Ориген — страница 43 из 49

— Это который потом, во время войны, был избран… ну, или Сталин его поставил — патриархом?

— Ну да. И есть даже целое такое понятие: сергианство. То есть соглашаться с любой властью, пусть даже безбожной, пусть самой гонительской — лишь бы дали хоть немного пожить спокойно, лишь бы не до конца изводили.

— Ну…

— Вот я тоже не знаю, как это — глубоко вздохнула Вера, — а Лизка сказала: это потому что у вас священники женатые, им о семье заботиться надо. И главный — патриарх, или вот даже местоблюститель, подчинен светской власти. А у католиков все холостые и есть папа, он никому не подчиняется, при Муссолини он же не выпускал никаких деклараций.

— Да и против вроде ничего не говорил…

— Ну, в общем, я не знаю, как оно на самом деле. Но Лизка сказала: цезарепапизм. Когда кесарь на месте папы, когда любая власть всегда права.

— А при чем тут…

— Ну а раз любая права — значит, кто при власти, того и слушайся. И «зверонравные владыки» (так, что ли, у него было, у Семы?) — оттуда. Поклонение власти как таковой, без разбору.

— Можно подумать, у католиков такого не бывало…

— Ну всегда же кажется, что где-то лучше, чем у нас.

— Ну да. А Марина?

— Она тоже против сергианства была, считала его ересью натуральной. Лизка решила, что так оно еще с византийских времен повелось и что это родовая травма православия. А Марина — что вот с этой декларации благодать оставила всех, кто с ней согласился, кто стал поминать Сергия как предстоятеля русской церкви.

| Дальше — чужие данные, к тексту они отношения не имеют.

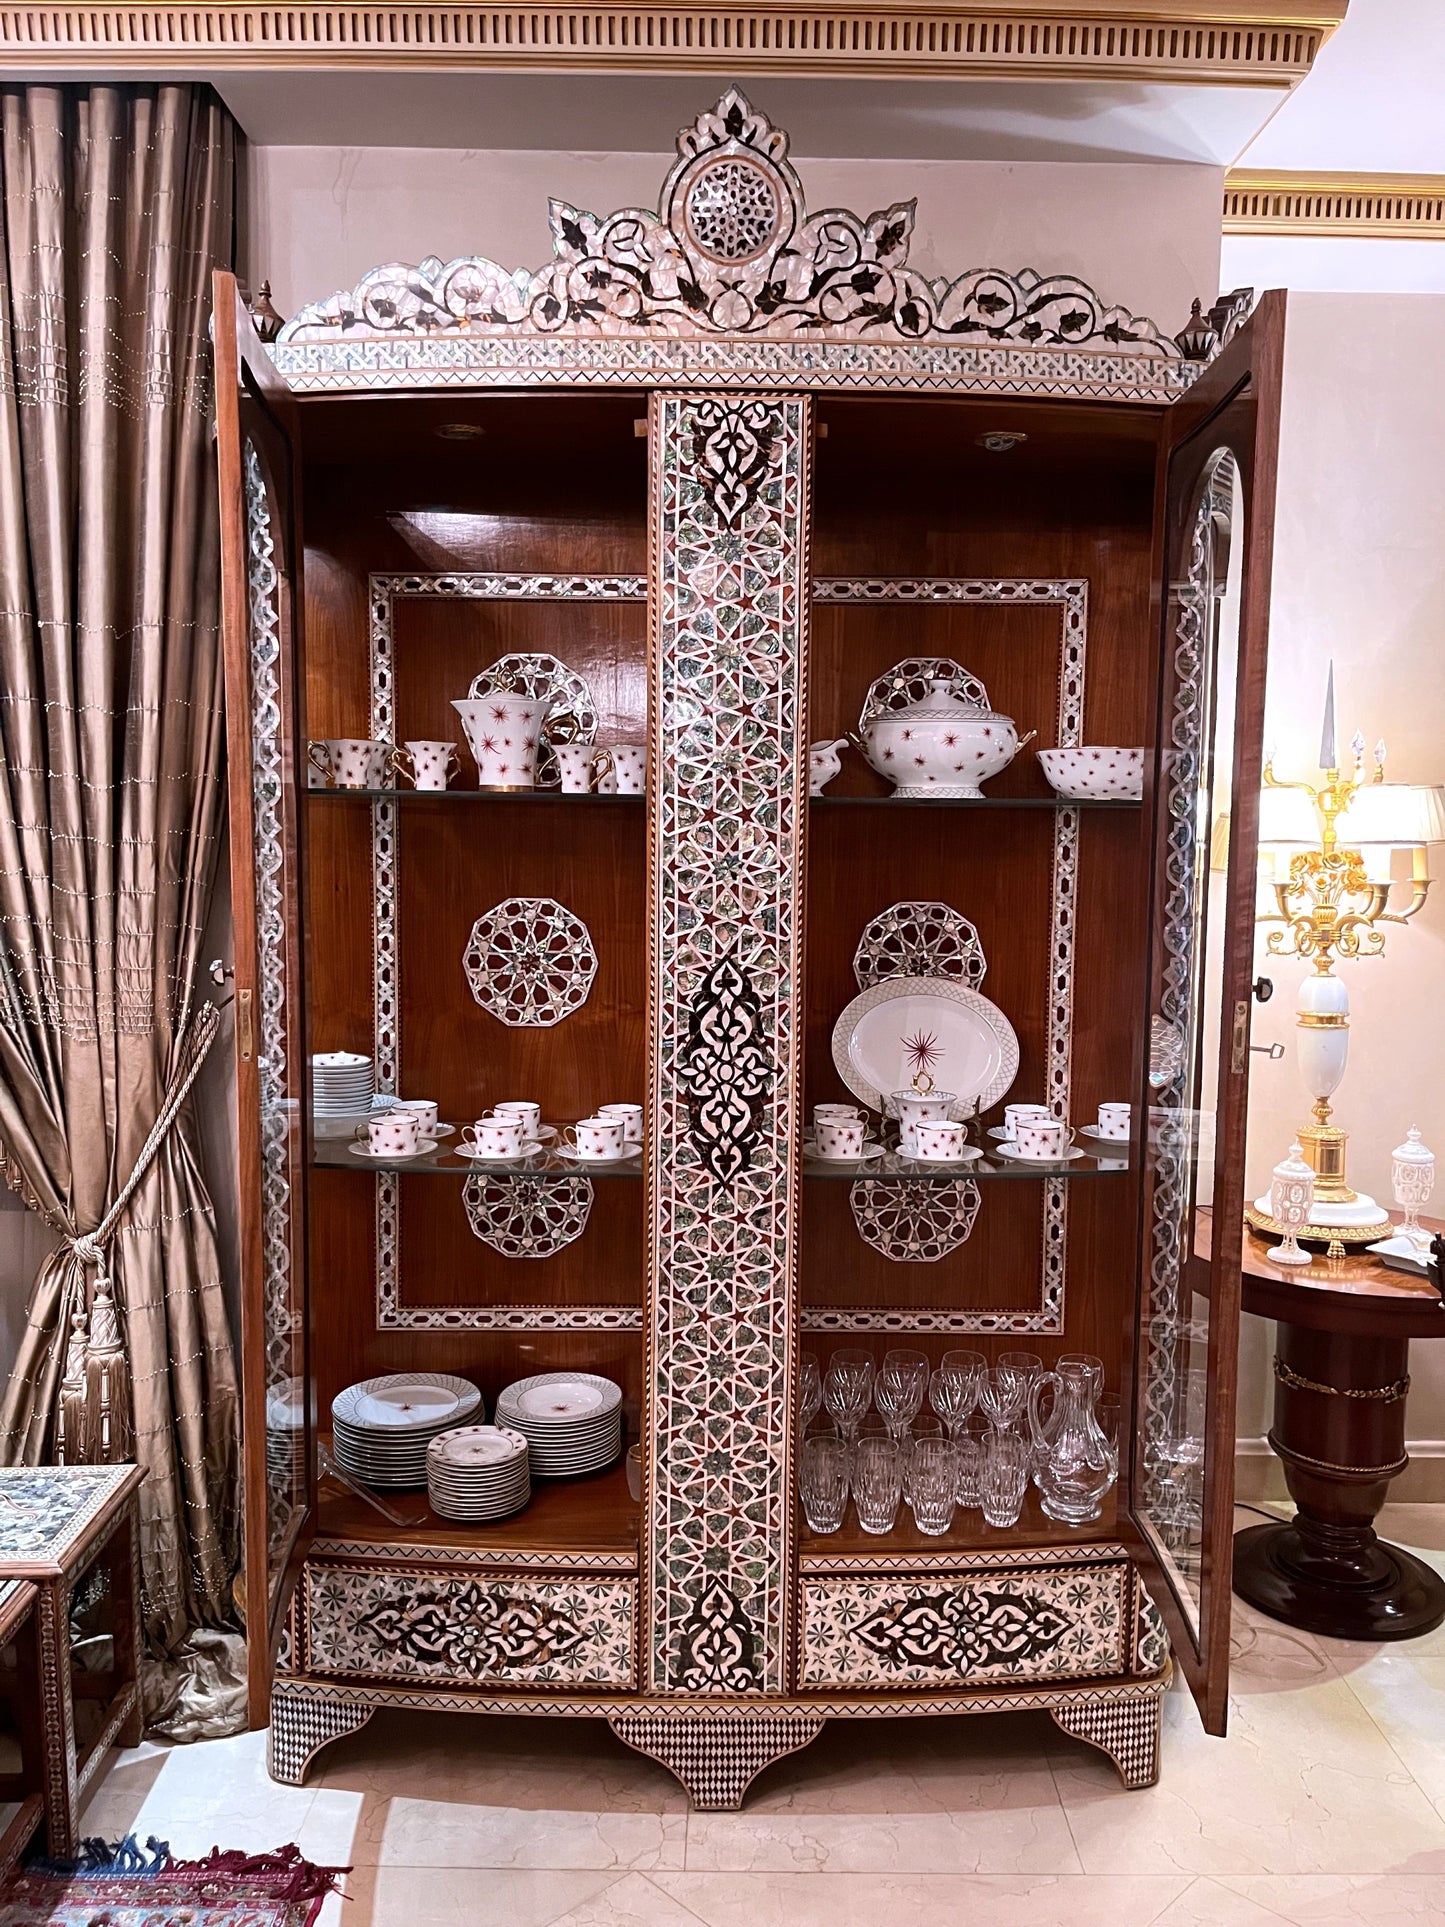 The Sultans Cabinet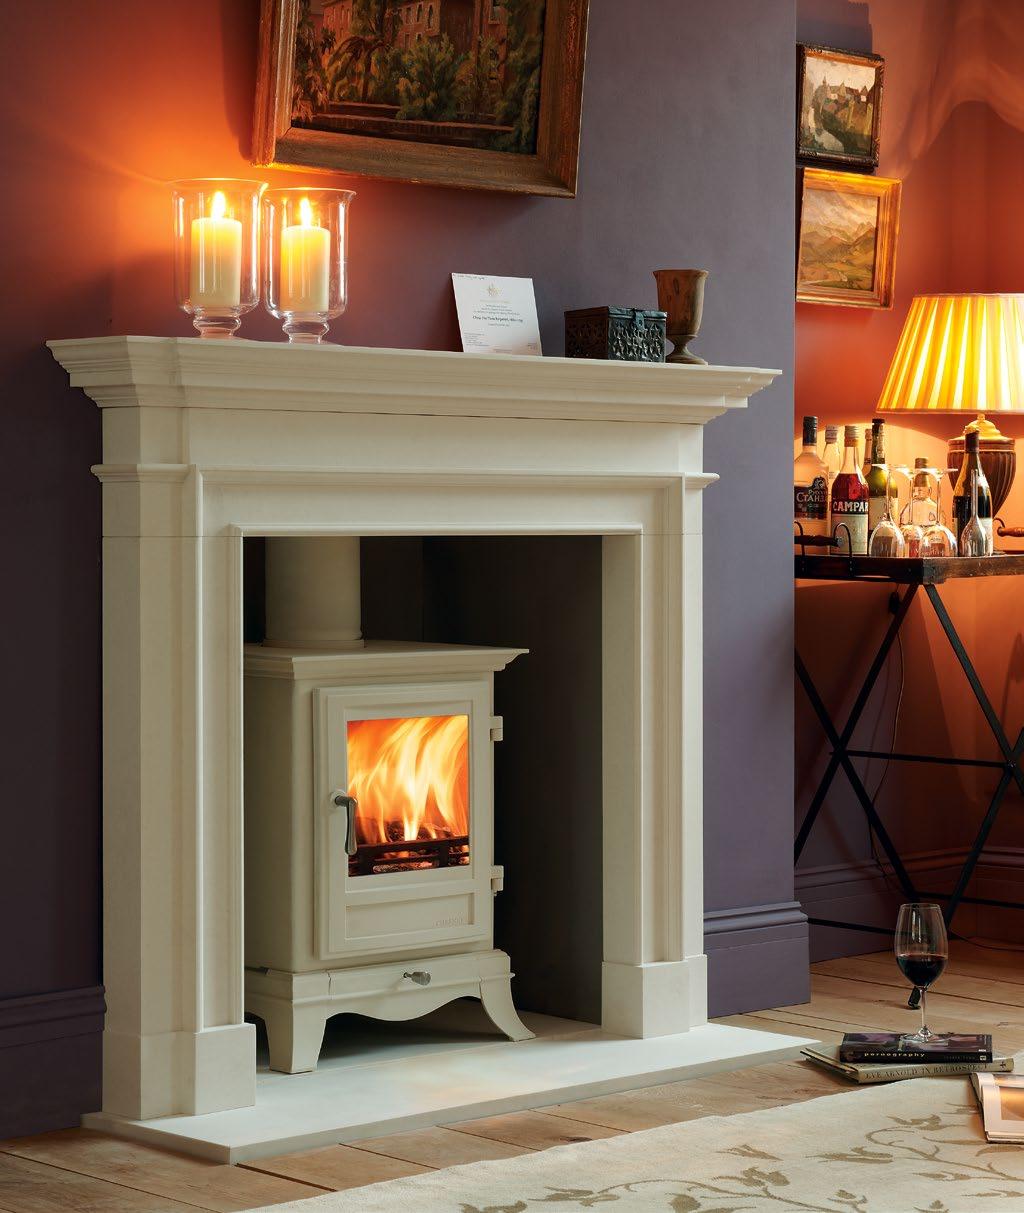 2 Chesney s Solid Fuel Stove Collection The Beaumont 6 kilowatt stove in ivory paint finish is

— Слушай, я не понимаю, — Дениса это начинало злить, — ну что такого особенного? Ну даже если бы этот Сергий ел младенцев на завтрак, а по вечерам грабил старушек, это же его личные грехи! Что, римских пап не бывало еще покруче? Или что, при Никоне-Аввакуме не жгли никого, батогами за веру не били? Это грехи тех, кто такое творит.

— В том-то и дело, — Вера была грустна, но серьезна, — что для Лизки с Маринкой это системный перекос. Ересь, и всё тут. Государство на место Бога.

— Маринка тоже, что ли, в костеле?

— Да нет. Она католицизм считает ересью не меньшей. И экуменизм, кстати, тоже. Она покрутилась, поискала, есть ли у нас несергианские православные — за границей вон есть, потомки эмигрантов. А у нас не нашла. Сейчас к старообрядцам ходит, присматривается.

Денис понял: это та самая девушка в неизменном строгом платочке, которую и с Верой-то нечасто рядом увидишь.

— Ну это уж вообще что-то допотопное…

— Не скажи. Для нее главный перекос случился, когда Алексей Михайлович с Никоном православие русское слегка подправили по греческим образцам, а Маринка говорит — об колено переломали, сделал подпоркой для царевой власти. И всё с тех пор уже не так.

— Всё не так с Эдемского сада, — сказал Денис почти в шутку, — нечего было прародителям яблоко есть!

— Там, кстати, не яблоко, а просто «плод», в тексте Библии. Яблоко — это уже наше воображение. Это уже люди домыслили.

— Хочешь сказать, и в православии многое так?

— Оно вообще так в этом мире. Каждый домысливает свое. И ты, и я, и Сема, и Маринка с Лизкой. Только Бог видит нас всех без фантазий и искажений.

Вечерело. За Вериным окном багровая полоса заката — по-августовски густая, тяжелая, ранняя — гасла над многоквартирными коробками, а в них зажигались люстры и лампы чужого уюта. И если встать к окну — можно до бесконечности гадать, что там, в кругах недостижимого света. Хочется верить: любят и понимают друг друга, говорят о главном и важном, как они с Верой. А ведь на самом деле где-то пьют дешевый портвейн и разбавленный технический спирт, или из вечера в вечер бессмысленно истязают друг друга, или просто смотрят тупое, бессвязное кино, лишь бы не видеть, не слышать, не помнить друг друга.

Зато свет от был лампы похож на янтарь. На тот самый Надюшин янтарь в ящике его стола. И что теперь?

— Духота такая сегодня. Гроза, наверное, ночью будет.

— Не знаю, — протянула Вера, — не знаю. Ты не обижайся только… Гроза у тебя внутри. Штормит тебя.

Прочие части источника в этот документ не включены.